The addition of Odia was thus well-received by the Odisha state government. The Office of the Chief Minister of Odisha tweeted:

The Electronics and Information Technology Department of the Government of Odisha also reacted:

Machine Translation
Machine translation is used to translate the text or speech of the source language to a target language. The translation that Google uses relies on the Neural Machine Translation [35], a computational system that uses a technique called artificial neural network [36] where large datasets consisting of translation of phrases (from source to target language [37]) are used for training.

With the inclusion of Odia, Google Translate and Microsoft Translator now support 11 Indian languages each. In total, Google supports 109 world languages while Microsoft supports 73.

Meanwhile, open-source initiatives are yet to create successful machine translation projects in Odia.

At least one open-source community-led project is in development — MTEnglish2Odia [38] is training a machine translation engine by collecting translation pairs from existing sources such as Odia-language Wikipedia [39] and crowdsourcing [40] from user contributions on Twitter [41].

In addition, there are some research [42] and resources [43] that can be used for building machine translation engines by other organizations.

The politics of machine translation

The technology used by Google Translate or Microsoft Translator is complex from social, legal, ethical, and rights aspects.

A machine translation platform can be of great use for many people, including journalists to quickly access news from multiple languages, or students desiring to learn from multilingual resources.

Similarly, voice synthesis support helps persons with a disability, especially blindness, to access and share information more easily.

Education, media, and the entertainment industry also benefit from the potential of Google Translate to translate vast amounts of content in a short period of time.

On the other hand, machine translation can contribute to spreading misinformation, while voice synthesis facilitates fraudsters who look to prey on people by communicating with them in their language.

There are over 6,000 documented languages [44] around the world, and only a minority of them have established writing systems. Those are the languages that get to be included in machine translation projects such as Google Translate and Microsoft Translator.

The availability of online content, as well as the number of internet users who speak a given language, are major factors for-profit corporations consider when deciding which languages to include in their systems. The more languages a corporation supports, the more targeted content it can deliver to users — and the more revenue it generates from ads [45].
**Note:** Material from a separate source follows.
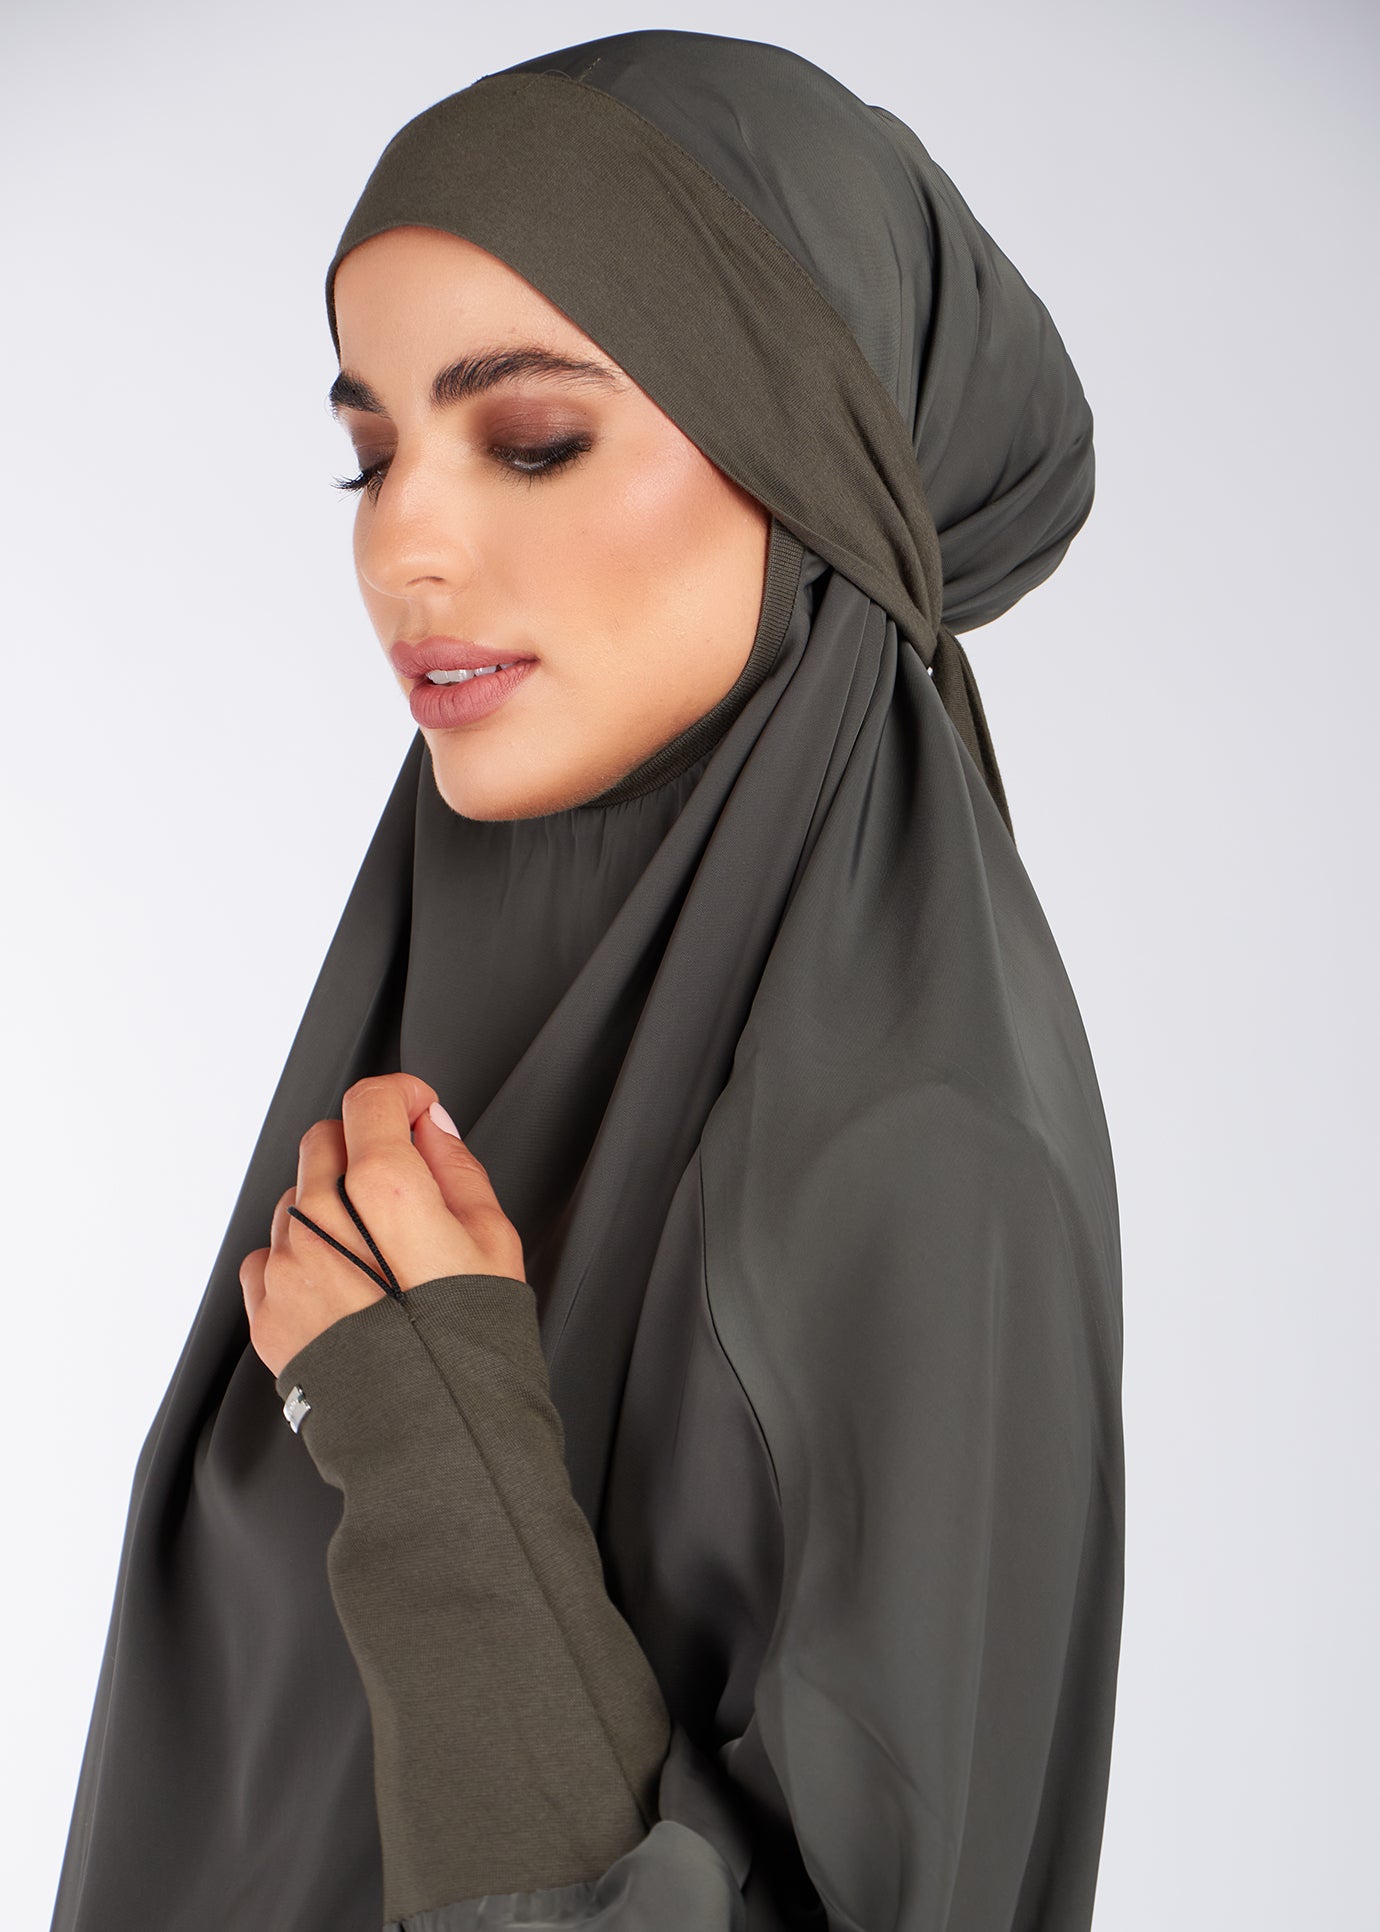 Jilbab Olive - Prayer Outfit

In addition, there are ethical questions of attribution and remuneration in projects such as Google Translate, which has a contributor community structure [46] to review existing translations (that helps engineers regularly improve the tool).

While Google is a for-profit company with many paid products — including a cloud translation service [47] — neither the individual volunteers nor the numerous public sources from where the machine learns are attributed or remunerated.

The use of private communications for improving machine learning and artificial intelligence are also controversial from a privacy standpoint — though Google has been working towards anonymizing such data [48].

In a country like India, where the creation of multilingual content faces bottle-necks due to costs, products such as Google Translate and  Microsoft Translator can revolutionize the Indian content economy. They can make a difference for projects such as Wikipedia, which currently exist in 23 Indian languages [49], or StoryWeaver [50], a multilingual online children’s literature platform that heavily relies on volunteer work.

With many Indian languages disappearing rapidly [51], and with the added challenge of illiteracy and digital accessibility, the communications pathway needs more innovation in voice and visual technology. Machine translation can be a viable tool to stop language extinction — but in India, it still has a long way to go.

Disclaimer: The author has been involved with Odia Wikipedia [52] as a volunteer since 2011 and with MTEnglish2Odia [38] since its early stages.